На гипотезе тогда свободы воли моральность вместе со своим принципом следует из нее простым анализом понятия. Однако последнее все еще есть синтетическое положение; а именно: абсолютно добрая воля есть та, чья максима всегда может включать саму себя, рассматриваемую как всеобщий закон; ибо это свойство ее максимы никогда не может быть обнаружено анализом понятия абсолютно доброй воли. Теперь такие синтетические положения возможны лишь таким образом: что два познания соединены вместе посредством их союза с третьим, в котором они оба должны быть найдены. ПОЛОЖИТЕЛЬНОЕ понятие свободы доставляет это третье познание, которое не может, как с физическими причинами, быть природой чувственного мира (в понятии которого мы находим соединенным понятие чего-то в отношении как причины к ЧЕМУ-ТО ДРУГОМУ как следствию).

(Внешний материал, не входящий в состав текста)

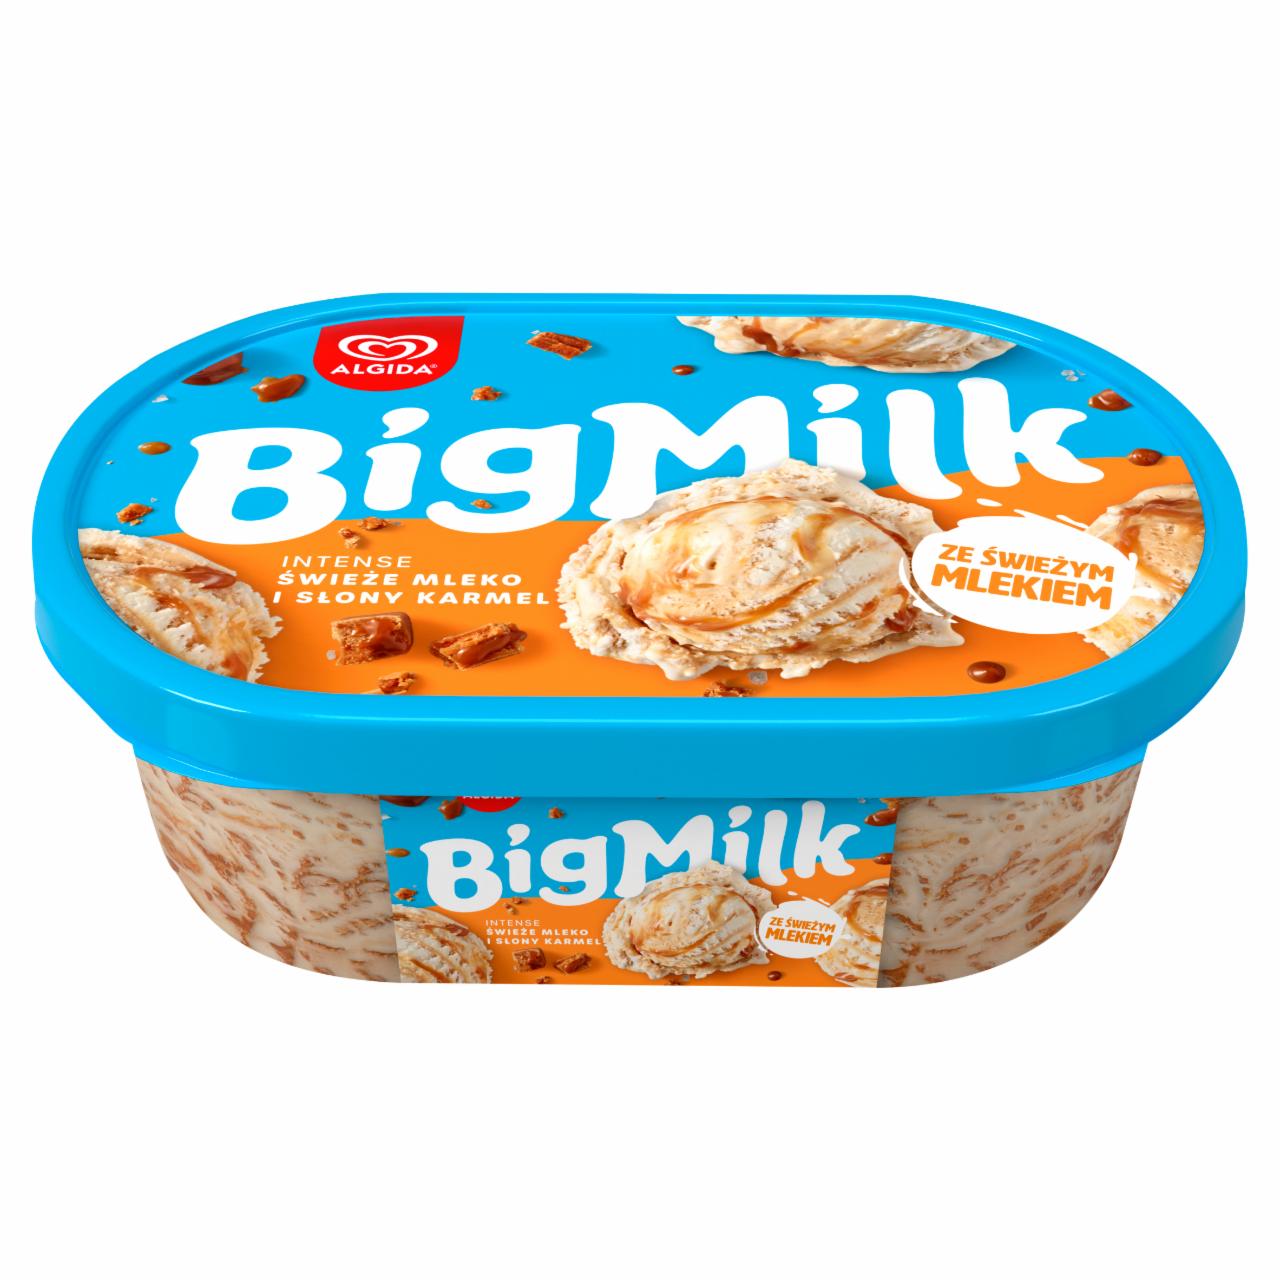 Фото - Мороженое со вкусом шоколада Big milk Algida

Мы не можем теперь сразу показать, что это за третье, на которое указывает нам свобода и о котором у нас есть идея a priori, ни мы не можем сделать понятным, как понятие свободы показано быть легитимным из принципов чистого практического разума, и вместе с ним возможность категорического императива; но требуется некоторая дальнейшая подготовка.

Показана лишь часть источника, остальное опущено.